Tuesday, 4 May 2021

Spookies (1986)

Although I didn't know anything about the production history of the movie when I first saw it, as a teenager seeking out every horror movie with a tantalising title and/or lurid video cover, Spookies has always been a film I viewed with a mix of affection and admiration. I knew it wasn't quite how movies should be, going by the standard criteria that many use to judge their viewing experiences, but I also knew that I kind of loved it.

It's a sign of the wonderful age we live in that Spookies now has a lovely blu-ray release, packaged with a documentary about the film and a documentary on VIPCO, the company who brought so many horror movies to VHS and DVD here in the UK, often butchered by the BBFC. It's worth noting that, for all the complaints to be made about VIPCO releases (murky prints, the many cuts to the material, etc), they were delivering this kind of content to horror fans years before we had the wonderful variety of boutique labels we have now. It may be difficult to limit your purchases now, with the likes of Arrow, Indicator, Second Sight, 101 Films, and others vying for your money, but 20-30 years ago we mainly had to rely on the curating skills of VIPCO and Anchor Bay.

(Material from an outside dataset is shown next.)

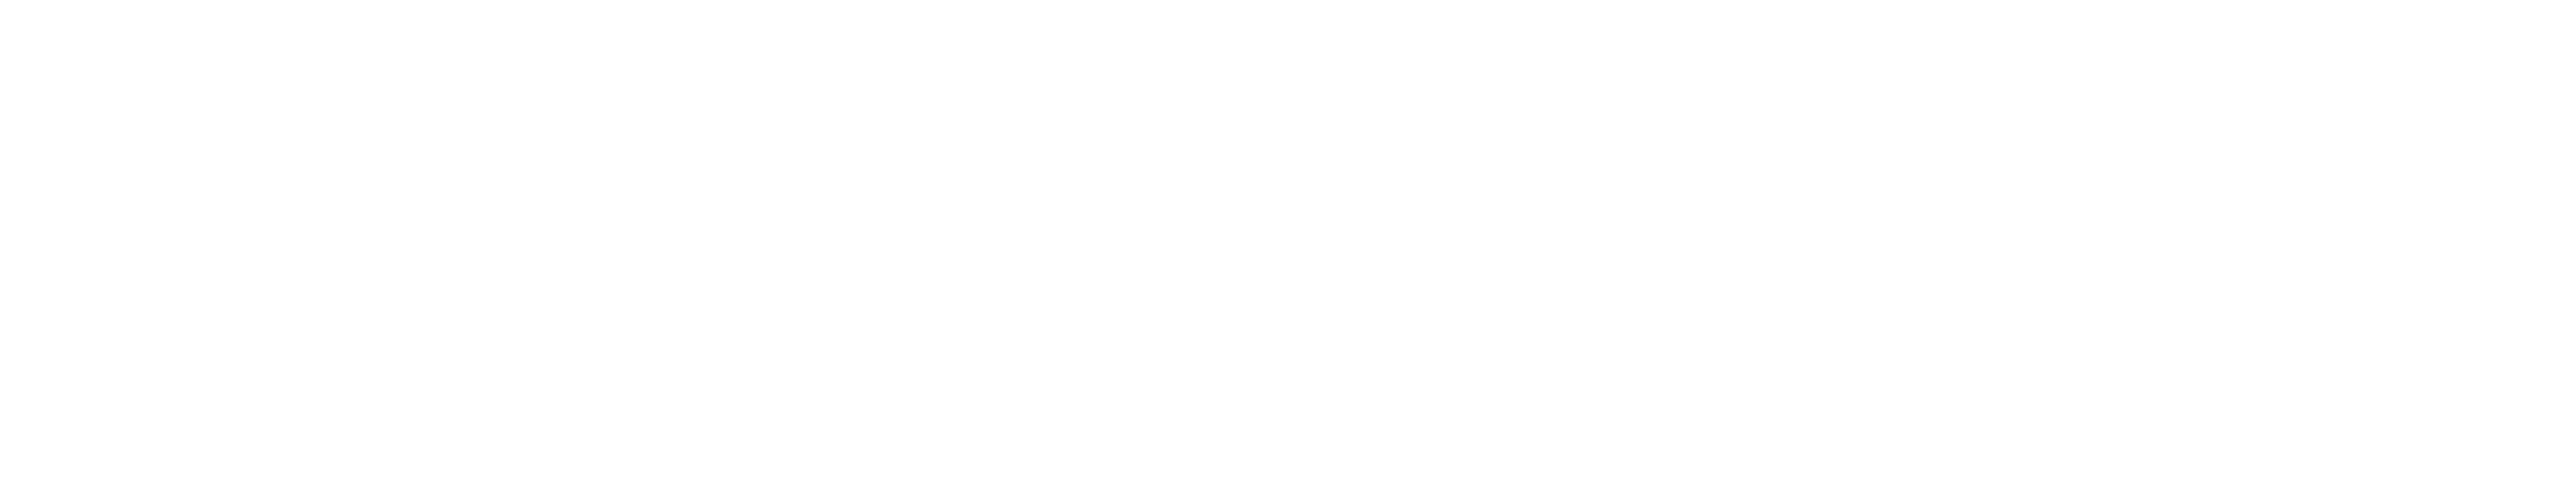 Bren School logo
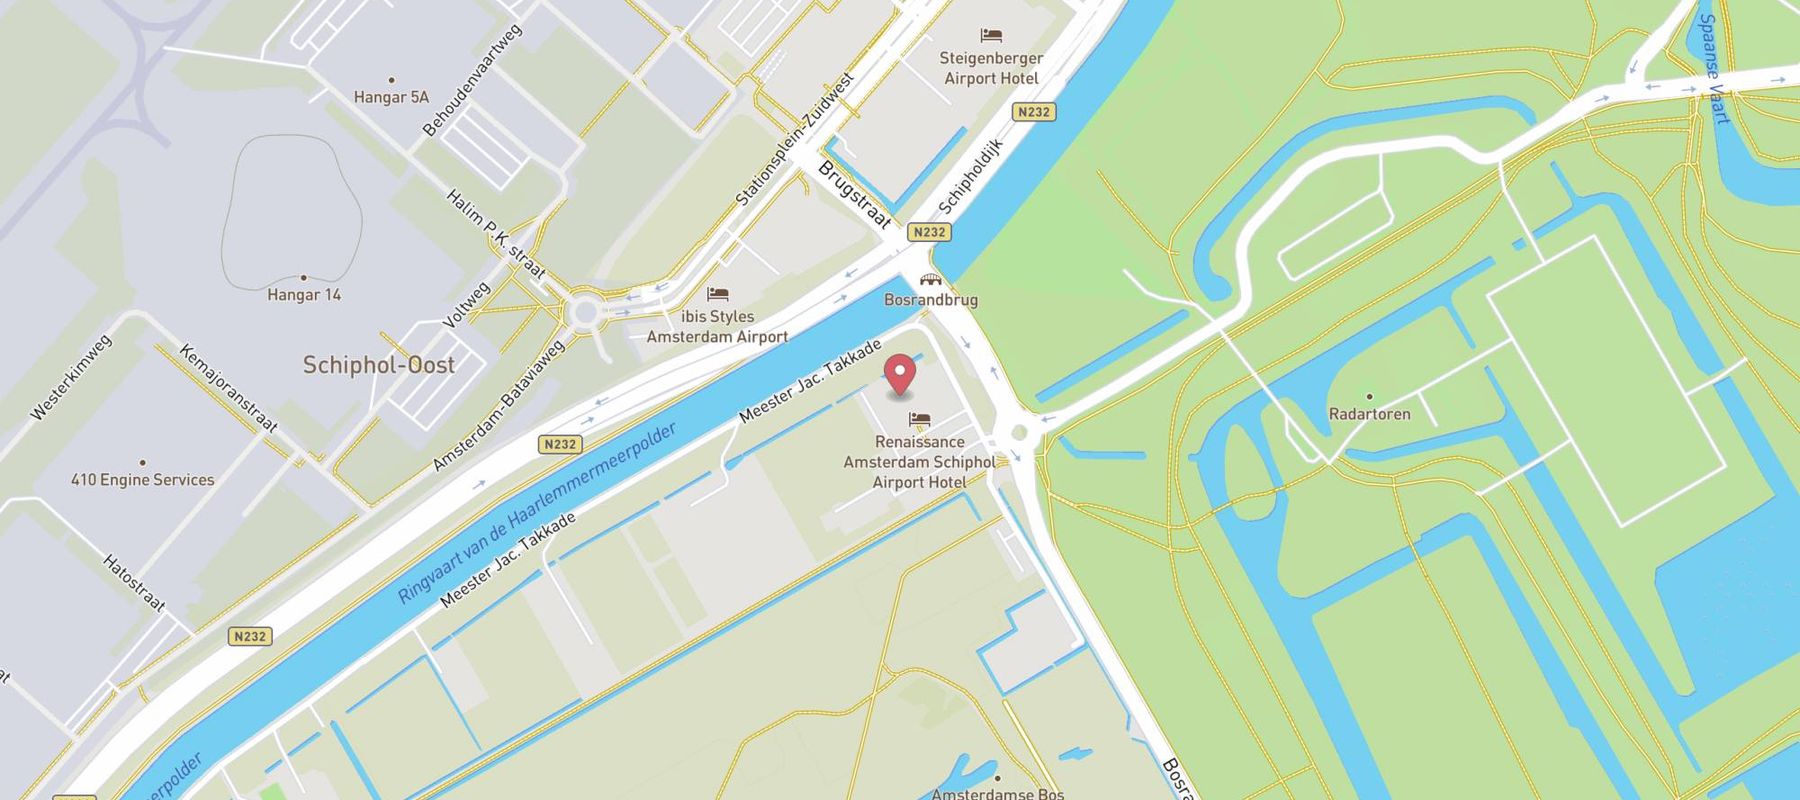 Renaissance Amsterdam Schiphol Airport Hotel map

But back to the film. There's an elderly man (Felix Ward) waiting beside a beautiful woman (Maria Pachukas) he seems to be in love with. They're hidden away somewhere in an old house that is visited by a mixed group of people we will call "People Obviously Set To Imminently Expire" AKA POSTIE. What's more, this group includes a Man With A Hand-puppet AKA MWAH. I think that tells you everything you need to know. As is so often the case, the POSTIE group decide to play around with a spirit board. That leads to encounters with the undead, including demonic creatures, a statue of the grim reaper that doesn't want to stay still, an arachno-beastie, and, rather infamously, some farting mudmen.

The things that are bad here are things that are bad in a lot of small horror movies. The acting isn't great, especially any scene featuring MWAH, the script gives people some laughably bad dialogue, and there's a lack of any sense of logic or consistency. The fact that the film was so severely recut and reworked explains that last aspect, but the air of surreal insanity it creates also ends up being a big plus point for the film. You can accuse Spookies of many things, but you certainly couldn't accuse it of being boring.

Eugenie Joseph is the director to have finished it off, and Ann Burgund helped to write the extra material used, but equal credit must go to Thomas Doran, Brendan Faulkner, and Frank M. Farel, the people who created "Twisted Souls", the film that was mistreated and transformed into Spookies.

My love for this film isn't fully in line with what you get onscreen, but I cannot bring myself to let the bad outweigh the good. The cast at least do what is asked of them, even MWAH, but they're playing second fiddle to the wild and varied special effects on display, with lots of pulsating bladders being used and an ill-advised amount of blue paint to create a number of unthreatening ghouls.

Not a film I would hastily recommend to everyone, but one I would hastily recommend to those who spent the same amount of hours as I did browsing the many horror movie video boxes that often specialised in misrepresenting the actual content of the films contained within them, Spookies may well be one of the best films to come from such a bad experience. It's cheesy, laughable, often incoherent, and full of moments lifted from elsewhere. It's also pretty bloody brilliant.